Navitas proposes a Phase I program to develop and demonstrate a long cycle life cathode for lithium sulfur batteries. The cathode is based on a novel engineered pore structure host material that will deliver advanced performance through the following features: (1) Hierarchical pore structure with pore volume to accommodate high sulfur/polysulfide loading; (2) Electronic conductivity to enable high utilization of sulfur; and (3) High affinity to both sulfur and polysulfides to minimize sulfur dissolution. Phase I will demonstrate a lithium-sulfur cell with a cathode design able to reach >500 cycles with projected specific energy >400 Wh/kg. Phase II will develop >6Ah prismatic pouch cells to TRL 6 with >1000 cycle life (80% capacity) and demonstrated specific energy >400 Wh/g. If successful, the proposed technology will at least double the cycle life of lithium sulfur batteries and advance beyond state of the art (<200 cycles) to address the key limitation for space applications.
With improved cycle life, lithium sulfur batteries will meet multi-use/cross platform space energy storage application requirements. Successful deployment would result in significant mass and volume savings and operational flexibility. Potential applications include long duration energy storage for lunar surface operations such as landers, habitats and rovers. The weight savings and safety of lithium sulfur batteries will be beneficial in large surface energy storage systems which may range from 500 kWh on Mars to 14 MWh on the moon.

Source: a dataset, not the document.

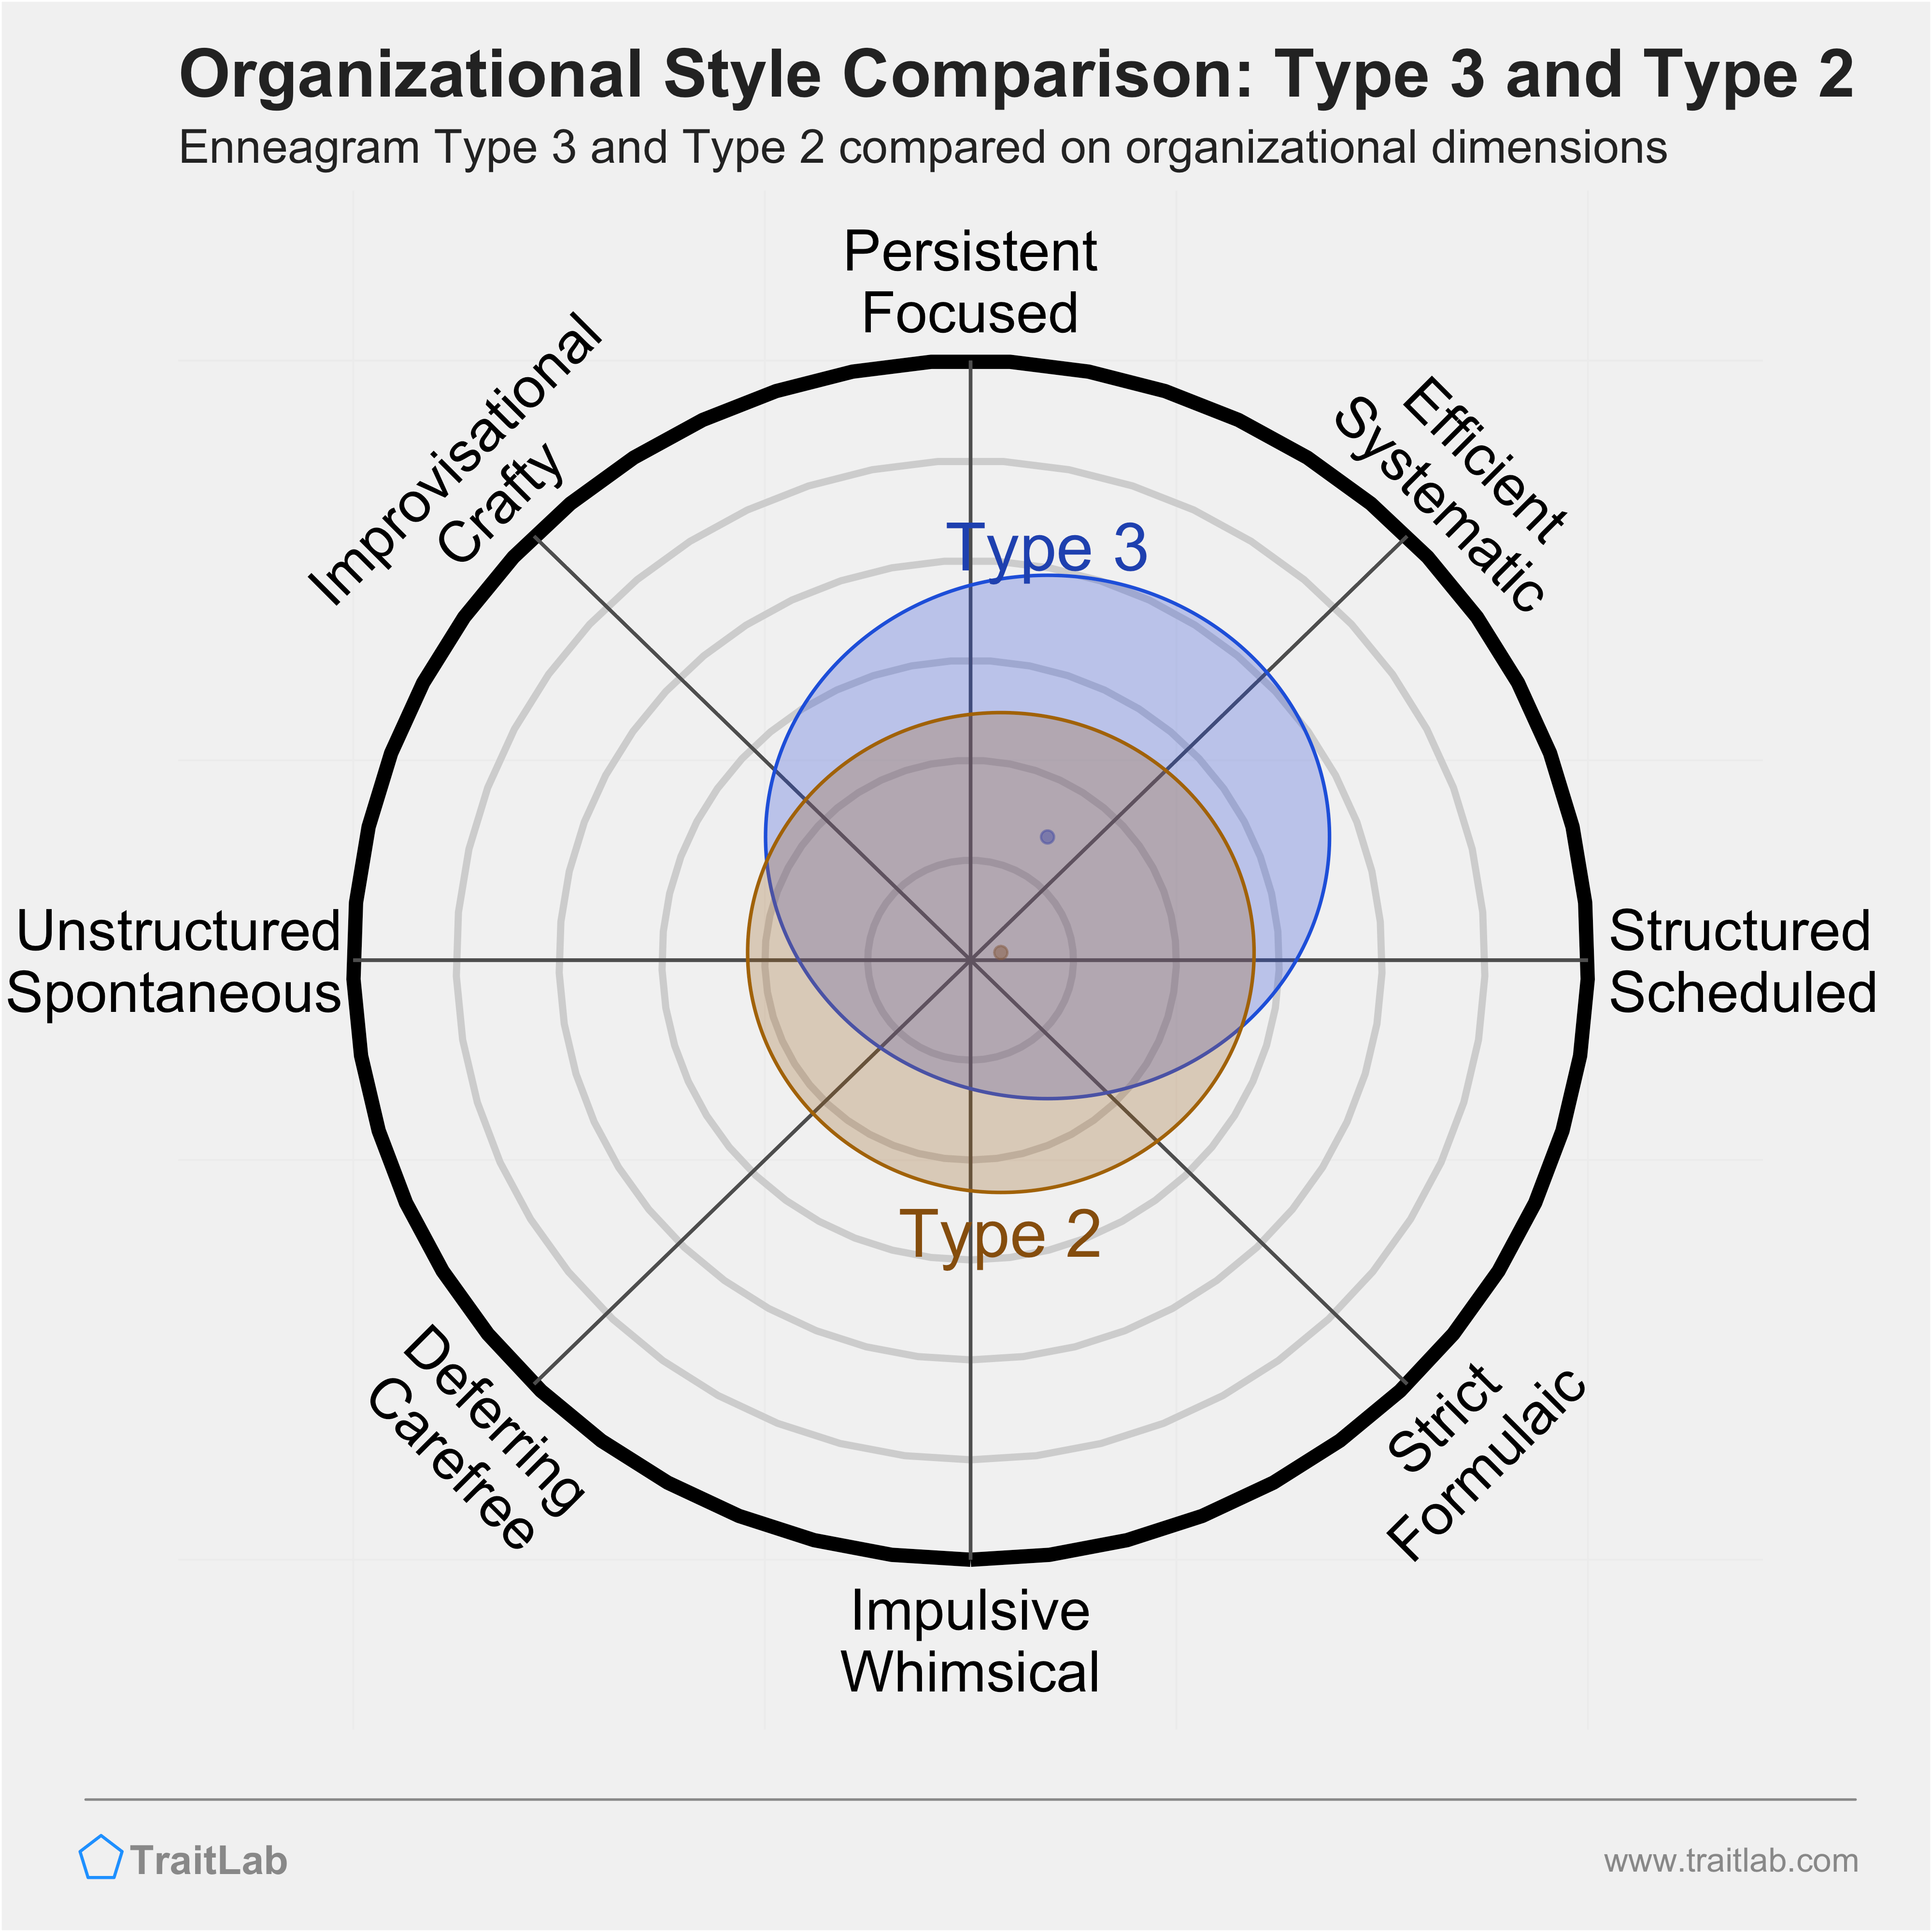 Type 3 and Type 2 comparison across organizational dimensions
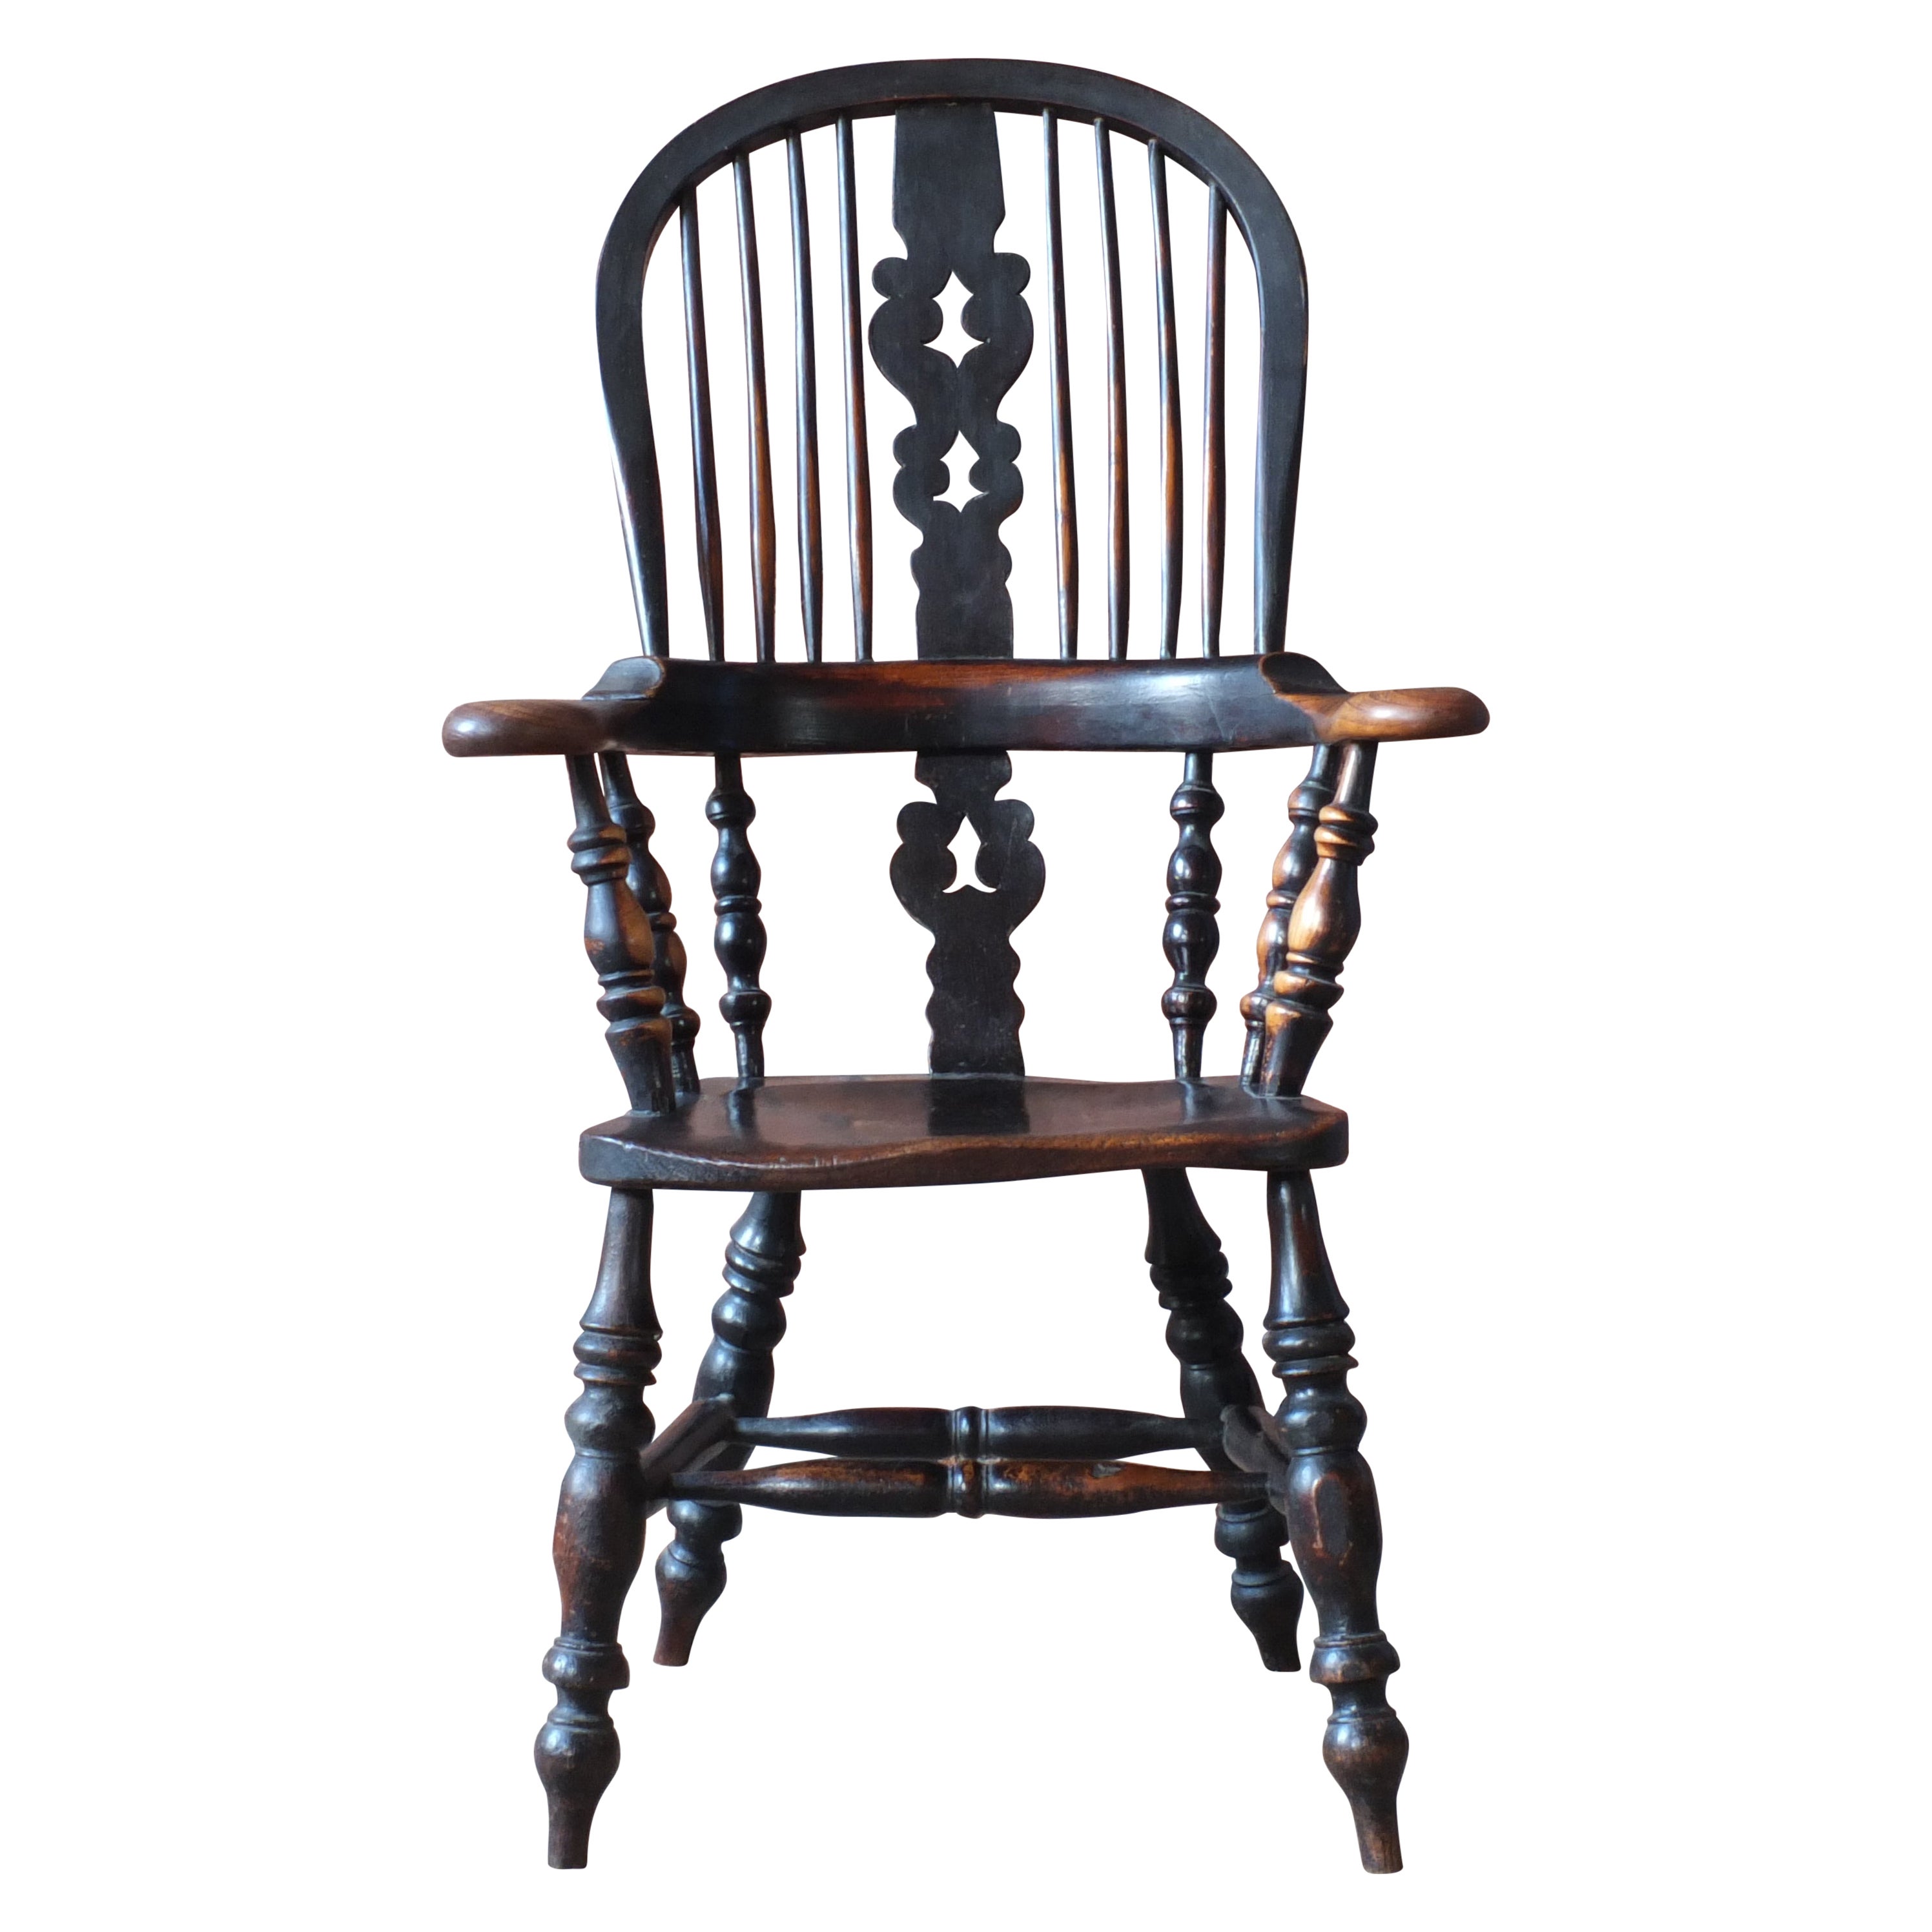 19th century Yorkshire broad arm Windsor chair

The Navitas lithium sulfur battery will provide an advantage to end users through improved battery energy density/cost and by reducing the battery size/price vs. established lithium ion batteries. Early adopters are small unmanned aerial systems, electric & hybrid-electric aircraft propulsion, and consumer electronics manufacturers. Ultimately a share of the electric vehicle battery market also.